**Task to carry out**
Only one stretch of the listing below is wanted. Begin at the line that has "Creative cooperation and", stop after the line that has "MARSEILLE, FRANCE - AUGUST", and repeat every line in between exactly.

**Dataset records**
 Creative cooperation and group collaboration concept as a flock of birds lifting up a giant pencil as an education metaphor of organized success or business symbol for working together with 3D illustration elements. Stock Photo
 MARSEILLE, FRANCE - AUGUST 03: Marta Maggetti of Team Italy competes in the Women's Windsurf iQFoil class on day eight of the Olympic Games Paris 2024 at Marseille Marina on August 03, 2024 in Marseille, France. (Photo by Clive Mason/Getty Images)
...
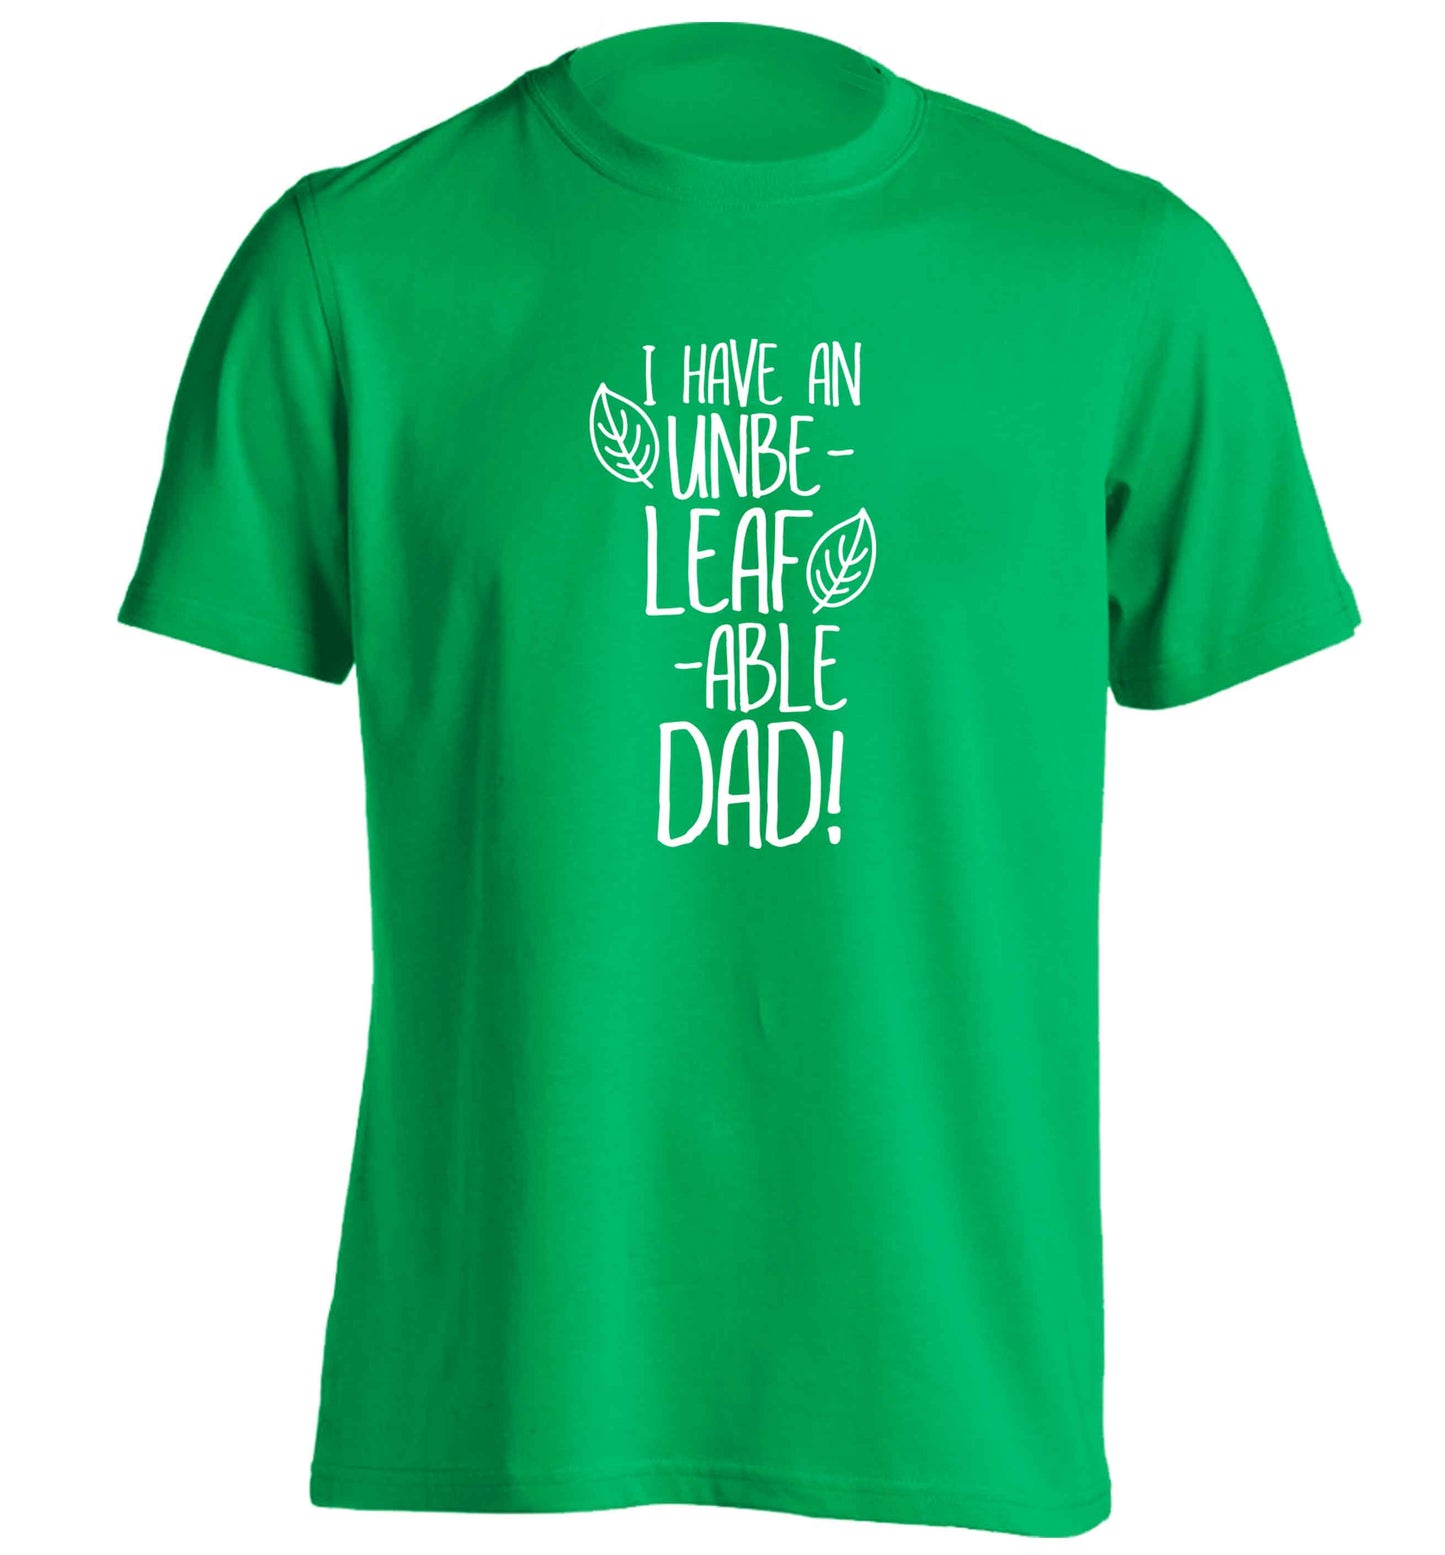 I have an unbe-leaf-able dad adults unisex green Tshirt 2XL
...
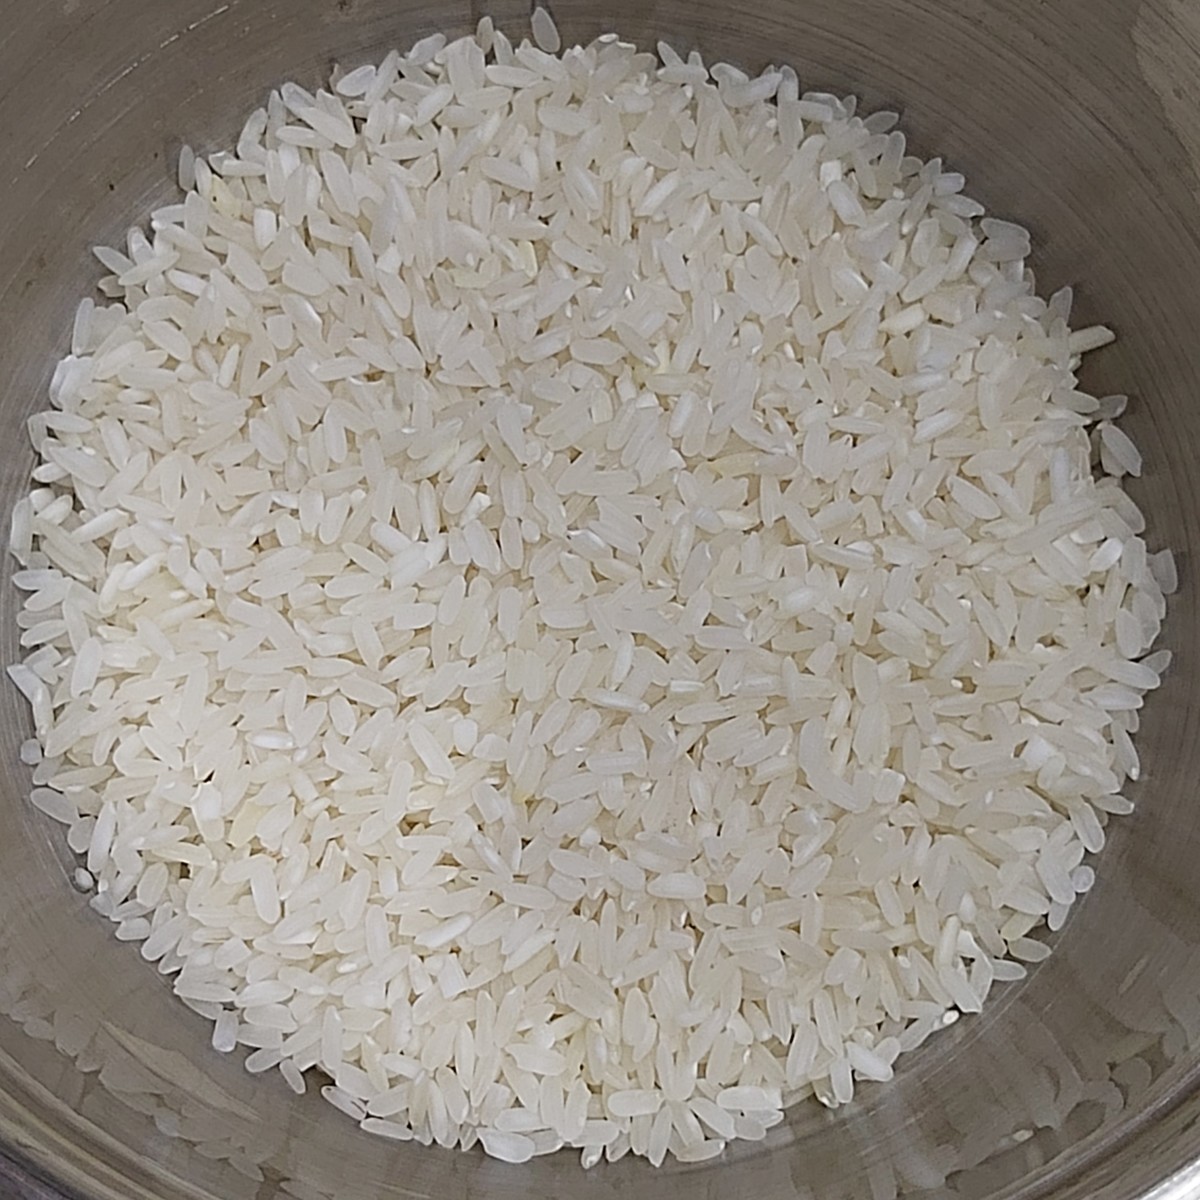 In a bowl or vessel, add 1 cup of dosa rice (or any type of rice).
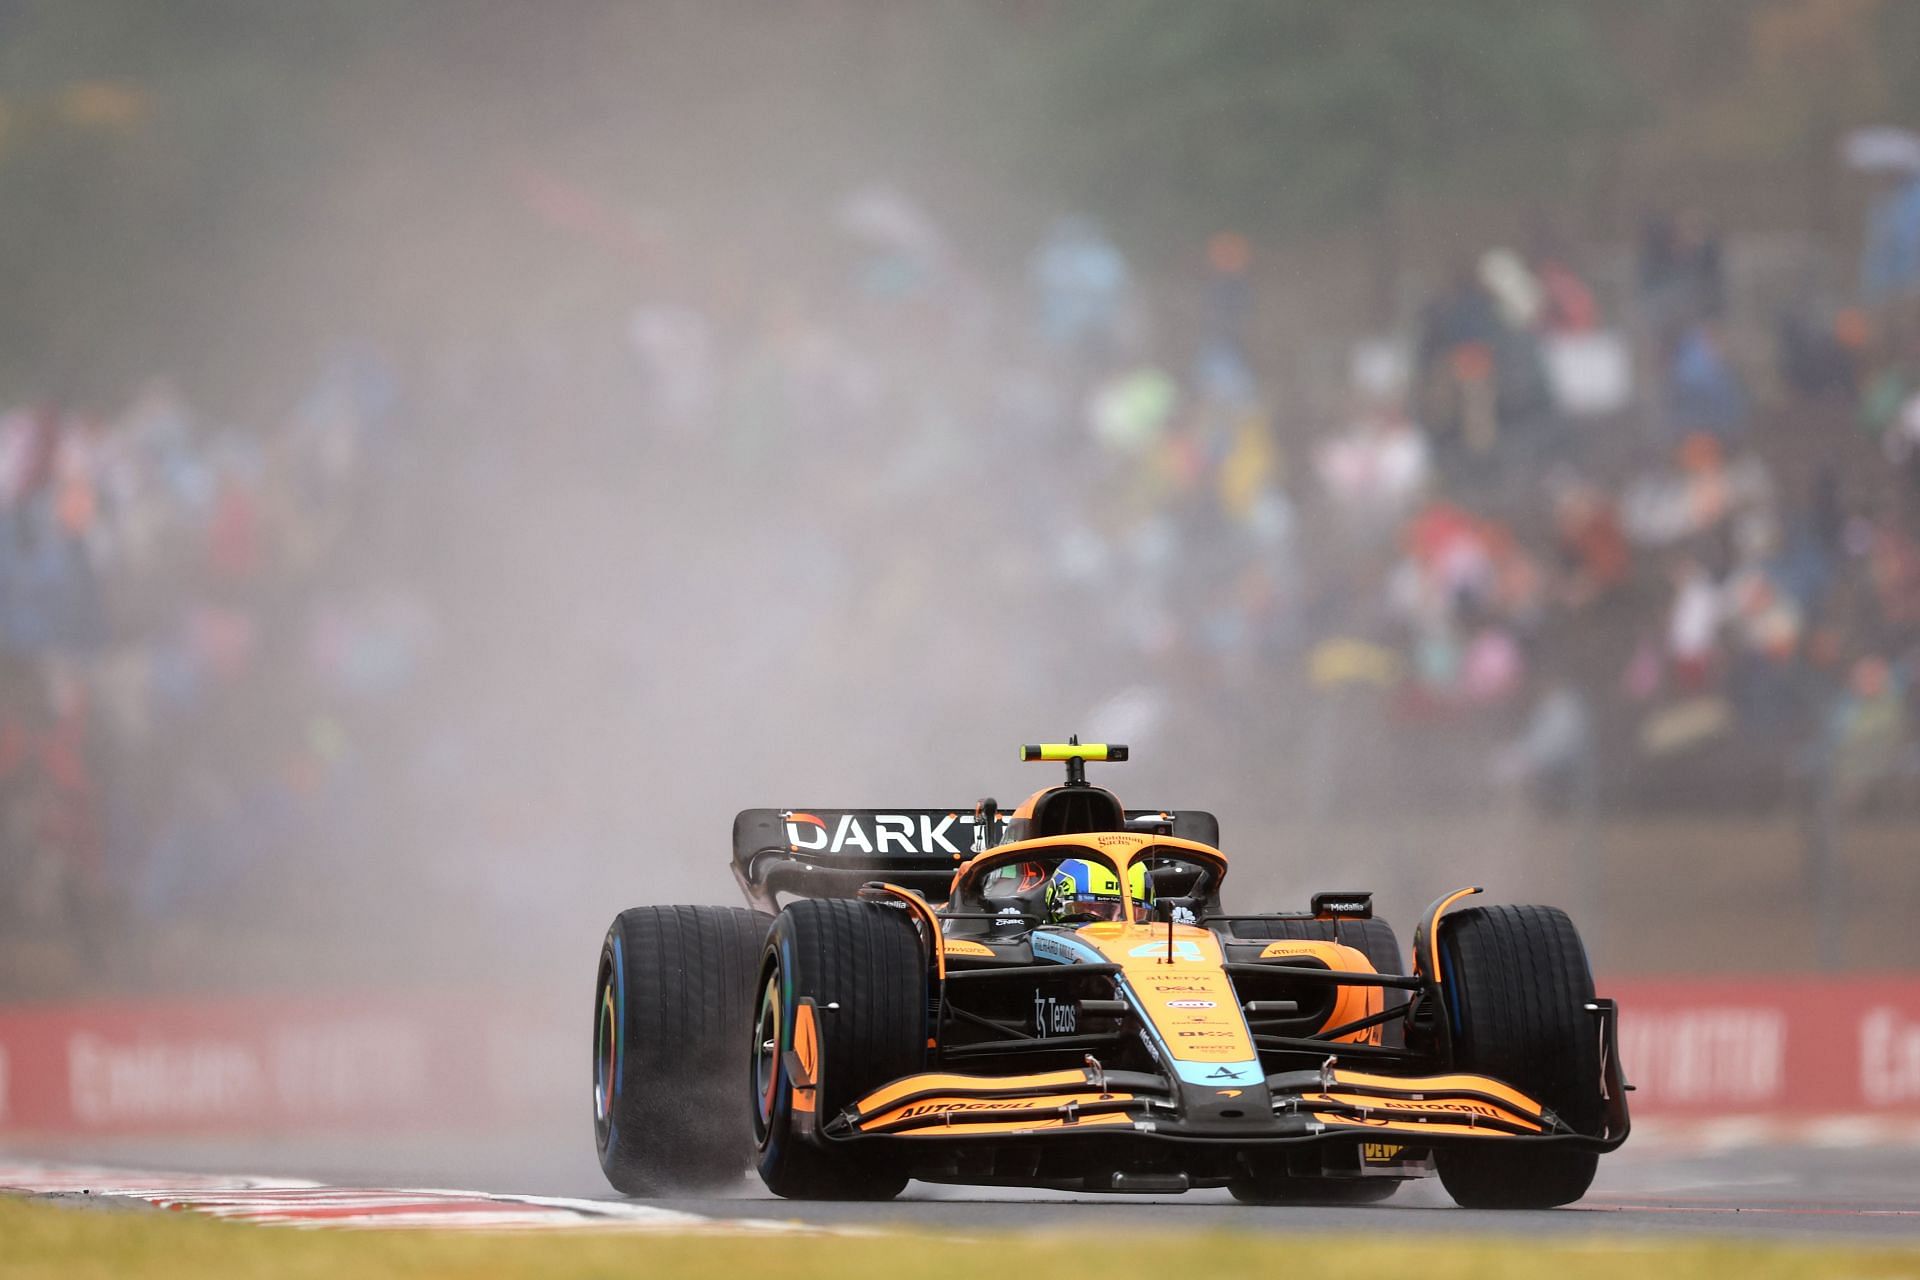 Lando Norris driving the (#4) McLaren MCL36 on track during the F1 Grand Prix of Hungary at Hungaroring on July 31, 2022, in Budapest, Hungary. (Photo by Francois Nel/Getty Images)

**Response to the task**
 Creative cooperation and group collaboration concept as a flock of birds lifting up a giant pencil as an education metaphor of organized success or business symbol for working together with 3D illustration elements. Stock Photo
 MARSEILLE, FRANCE - AUGUST 03: Marta Maggetti of Team Italy competes in the Women's Windsurf iQFoil class on day eight of the Olympic Games Paris 2024 at Marseille Marina on August 03, 2024 in Marseille, France. (Photo by Clive Mason/Getty Images)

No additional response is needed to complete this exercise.